As a result of this, not only phone numbers and addresses are stored in the mobile

Page 2: Security and Privacy Enhancement Framework for Mobile Devices using Active Authentication

International Journal of Trend in Scientific Research and Development (IJTSRD) ISSN: 2456-6470

@ IJTSRD | Available Online @ www.ijtsrd.com | Volume – 2 | Issue – 3 | Mar-Apr 2018 Page: 1197

device but also financial information and business details which definitely should be kept private. “Unobtrusive User-Authentication on Mobile Phones using Biometric Gait Recognition”.Mohammad O. Derawi , Claudia Nickel , Patrick Bours and Christoph Busch.In Proc. IEEE 6th Int. Conf. IIH-MSP, 2010.

III. PROPOSED SYSTEM

In this paper we have proposed the restriction system for application, there is the application blocking that is internal and external application want to block through the admin panel the particular application connectivity The Administrator has set the privileges

to access the persons. The person has no permission to access the restriction apps. She/he cannot access the restriction application, and the menu options with the message passing system into admin panel , the user want to use restriction application for emergency purpose incase user can pass the message into the admin panel , if it’s the valid reason then the administrator can allow to use application for that user. There is extra propose in this, such that the alarm notify the system to remind if the user forget to logout the application. When the person login the application it will be shown in the admin and can restrict. There are also logout options in case if the user logout then the person device cannot control.

Fig.2 Block diagram of ARS

A. Admin panel creation:

Develop the admin panel using the localhost (wampserver & myphpadmin) and create the default login account for all the application user along with restriction menus.

B. Policy Manager:

The admin can control the android application only if the terms and conditions (policy) are accepted by the android user.

C. Authentication:

The authentication process will be done between the mobile device & admin panel in the login account if and only if login is successful and gets the user permission to access the admin panel.
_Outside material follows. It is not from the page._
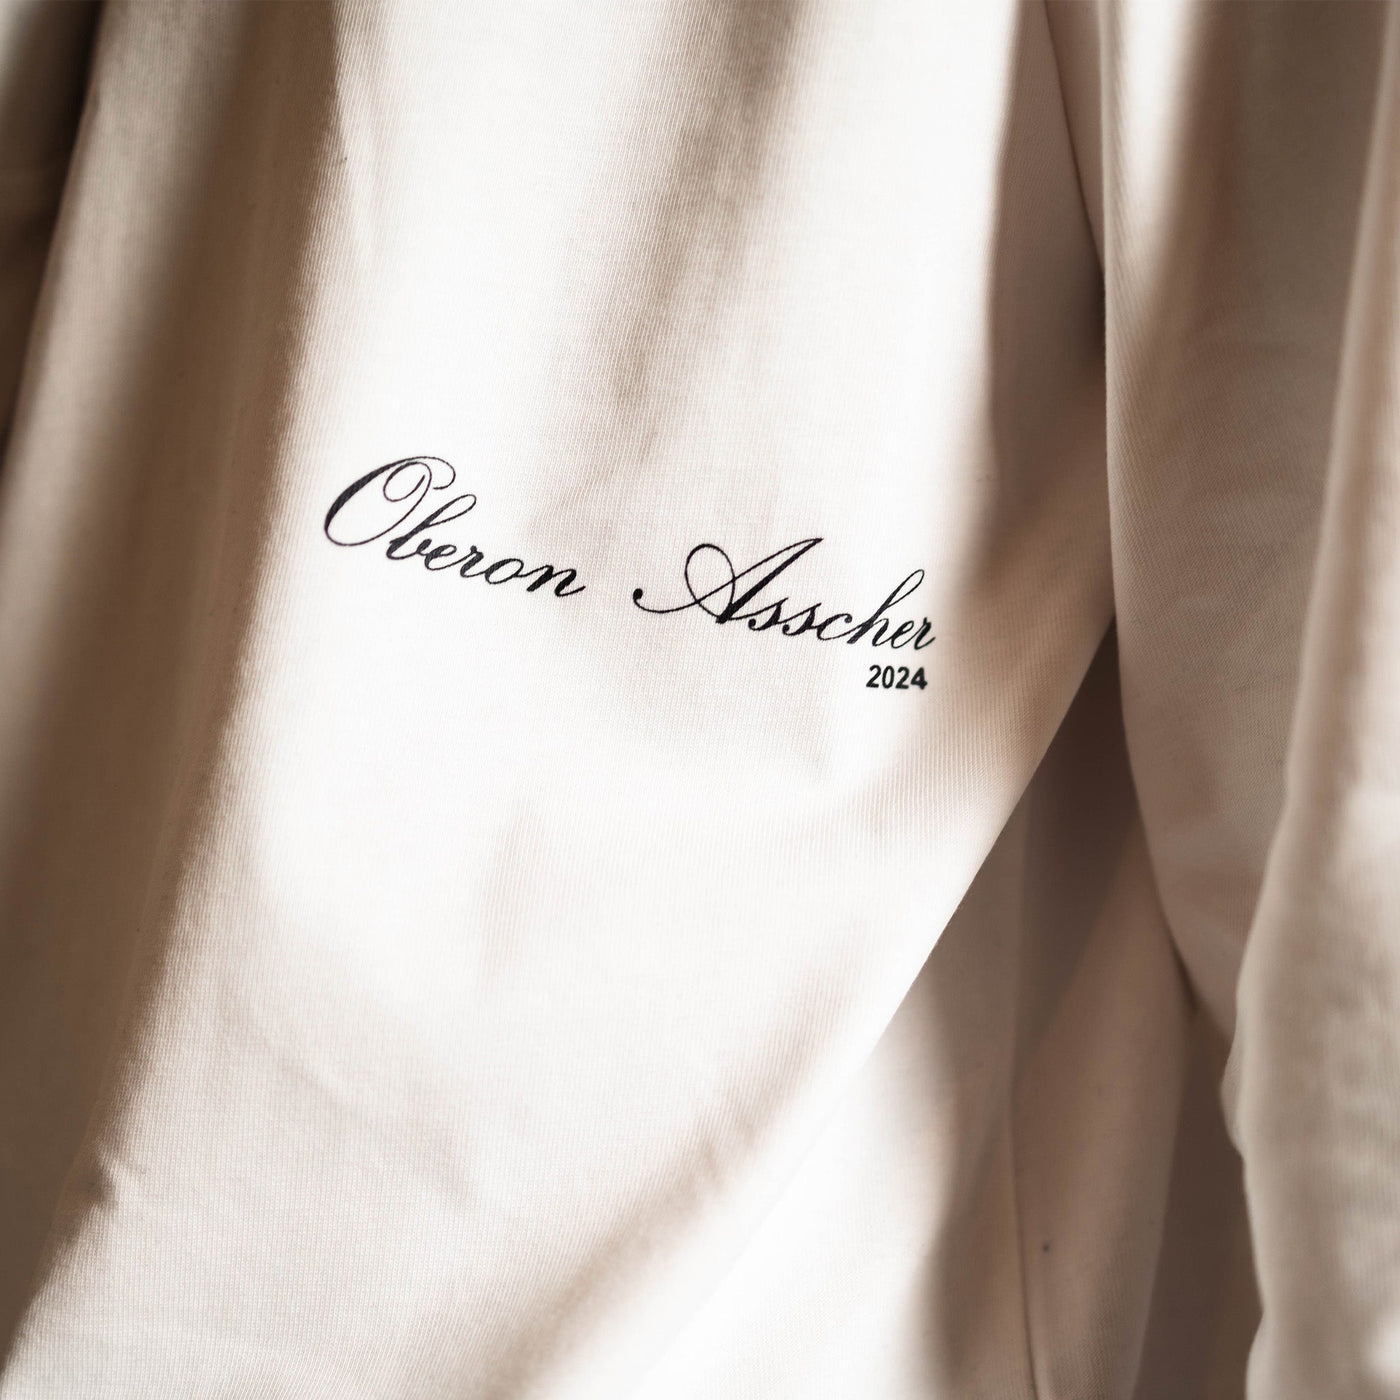 Oberon 24' Long Sleeve - Oberon Asscher

D. Admin restriction system: If the user login the account in android mobile it will be shown in the admin panel who are logging in &being in online list only then admin can set the privileges for users.

CONCLUSIONS

In this paper, we proposed parallel binary decision-level fusion architecture for classifiers based on four biometric modalities: text, application usage, web browsing, and location. Using this fusion method we addressed the problem of active authentication and characterized its performance on a real-world data set of 200 subjects, each using their personal Android mobile device for a period of at least 30 days.

Page 3: Security and Privacy Enhancement Framework for Mobile Devices using Active Authentication

International Journal of Trend in Scientific Research and Development (IJTSRD) ISSN: 2456-6470

@ IJTSRD | Available Online @ www.ijtsrd.com | Volume – 2 | Issue – 3 | Mar-Apr 2018 Page: 1198

REFERENCES

1. “Biometric Authentication Using Wavelet Probabilistic Neural Network”.Ching-Han Chen, Ching-Yi Chen2,2013 IEEE 17th International Symposium on Consumer Electronics (ISCE).

2. “Towards Multiple User Active Authentication in Mobile Devices”, Mattias Andersson , Hironao Okada, IEEE TENCON 2013 Journal Publication.

3. “ Extracting IM evidence of Android apps Sign In or Purchase”,Dr. Sridhar Mandapati , Sravya Pamidi , Sriharitha Ambati,Journal of Computer Engineering 2015.

4. “Monitoring Temperature Changes in Body”,Abdul Hadi H. Nograles, Felicito S. Caluyo, IEEE INDICON 2013 Journal Publication.

5. “Toward Writing Style Anonymization”,Akshata V.S, Rumana Pathan, Poornima Patil, Farjana Nadaf.International Journal of Core Engineering and Management(IJCEM) 2014.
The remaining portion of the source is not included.